Materials and Methods
This review was conducted in accordance with guidelines set by the Preferred Reporting Items for Systematic Reviews and Meta-Analysis (PRISMA). 8 Our protocol has been registered on PROSPERO (CRD42023481219).
Outcomes
The primary outcome was to assess the efficacy of treatments for GP. Magnitude of response was divided into 4 categories: no response (NR), partial response (PR), significant response (SR), and not specified (NS).

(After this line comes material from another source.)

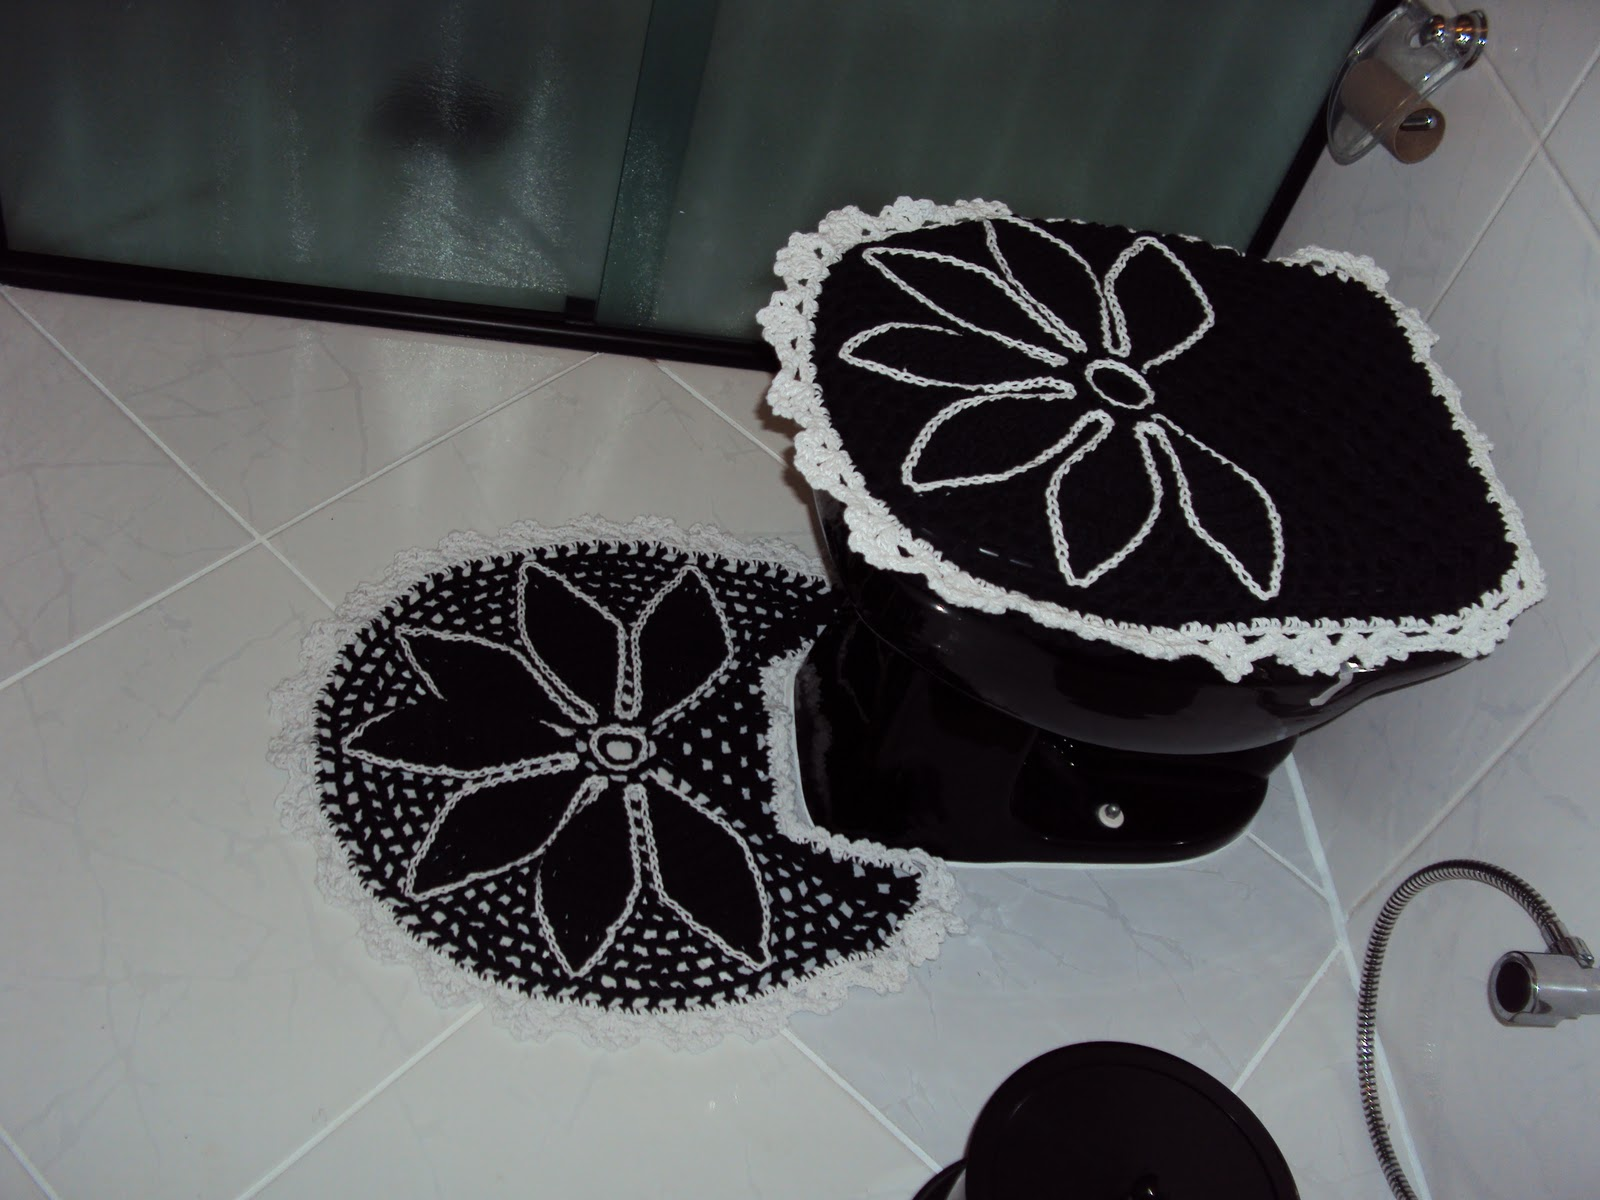 Art em Crochê: Jogo de Banheiro Pétalas Preto Branco #594F4E 1600x1200 Azulejos Banheiro Preto E Branco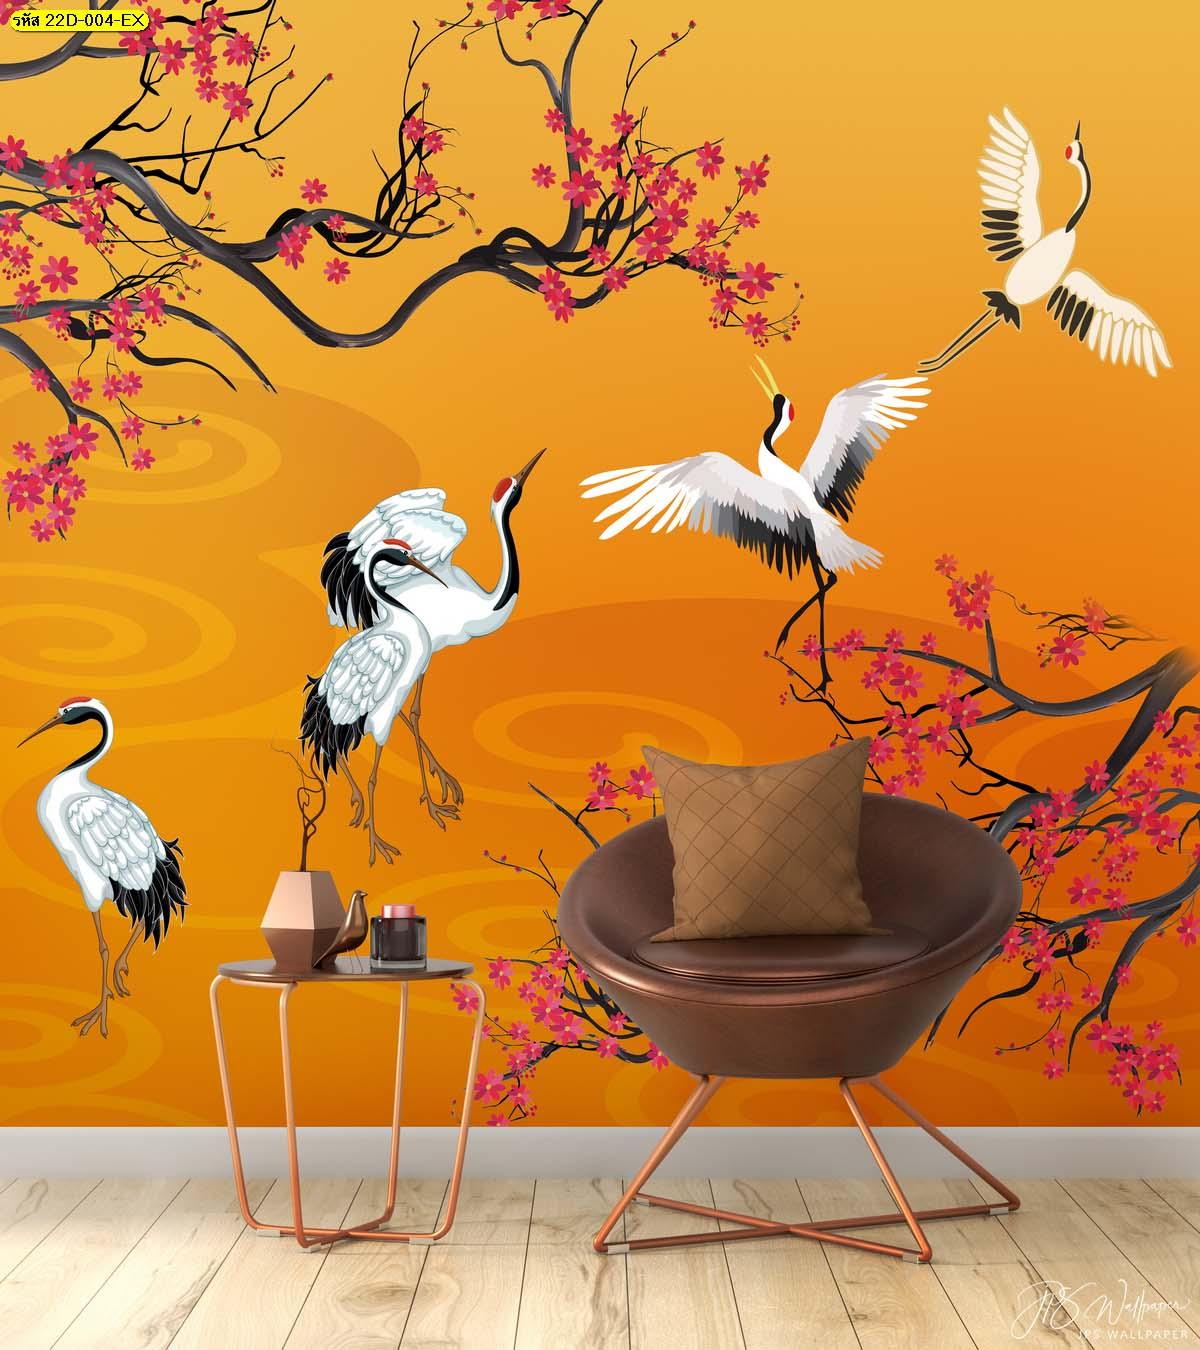 บรรยากาศห้องนั่งเล่นเรียบง่าย ตกแต่งภาพสั่งพิมพ์ติดผนังสวยๆ เสริมฮวงจุ้ย

For studies that did not specify an outcome assessment tool, treatment response was classified based on manuscript descriptions. The outcome assessment method was “physician’s judgment.” SR was defined as: “almost complete clearance,” “complete clearance,” “significant response,” “excellent response,” or a “marked response” after treatment. PR was defined as: a “moderate response” or “partial response” to treatment. NR was defined as: “no response” or “minimal response” or “poor response” to treatment.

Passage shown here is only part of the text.